Indigenous communities living in the mountainous terrain and valleys in northern Pakistan speak over 24 indigenous languages. Some of these languages are Khowar, Shina, Indus Kohistani, Torwali, Gawri, Palula, Kalasha, Dameli, Gawar-bati, Bateri, Chiloso, Dumaki, Brushaski, Ushojo, Balti, Wakhi, Yidgh, etc.; they are the known indigenous languages spoken in northern Pakistan.

All of these languages are ‘endangered’ according to UNESCO’s Atlas of the World’s languages in danger. These languages are endangered because of a number of challenges/threats the languages and their speakers face. Crucial among these challenges/threats are lack of political organization, marred identities, no written tradition, and marginalization, globalization, the rule of dominant languages over these languages, rough terrain, poverty and so forth.

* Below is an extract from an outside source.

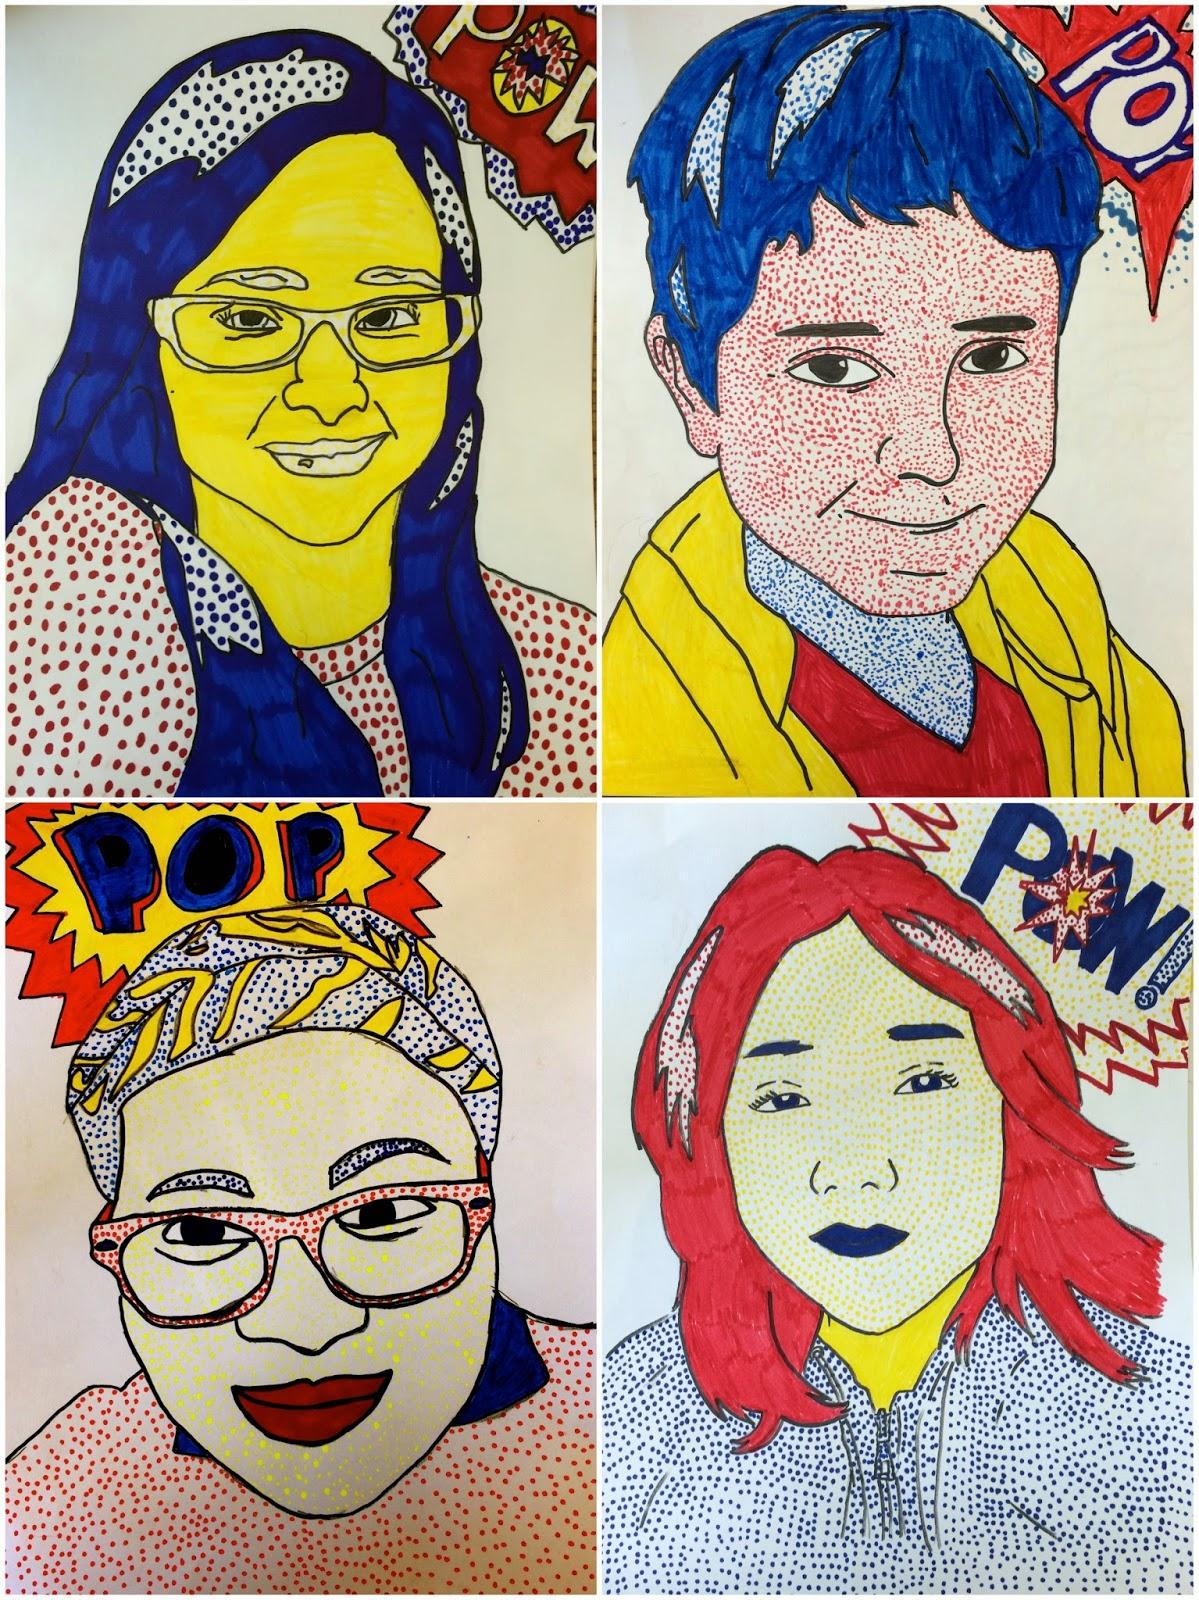 art eat tie dye repeat 6th grade roy lichtenstein self portraits. Black Bedroom Furniture Sets. Home Design Ideas

The aforementioned cultural, political, linguistic and ecological milieu adds to the ‘language and cultural loss’ among these communities.  Notwithstanding the toughest challenges, there are some good initiatives carried out in these communities that are focused on reversing the language and cultural loss by documenting the languages and cultures in question, transmitting the languages and cultures to the coming generation; and by trying to make the languages relevant in pedagogical setting.

This paper studies the challenges these communities face. It briefly mentions the work carried out for the documentation, preservation and promotion of these languages by individuals and community-based organizations.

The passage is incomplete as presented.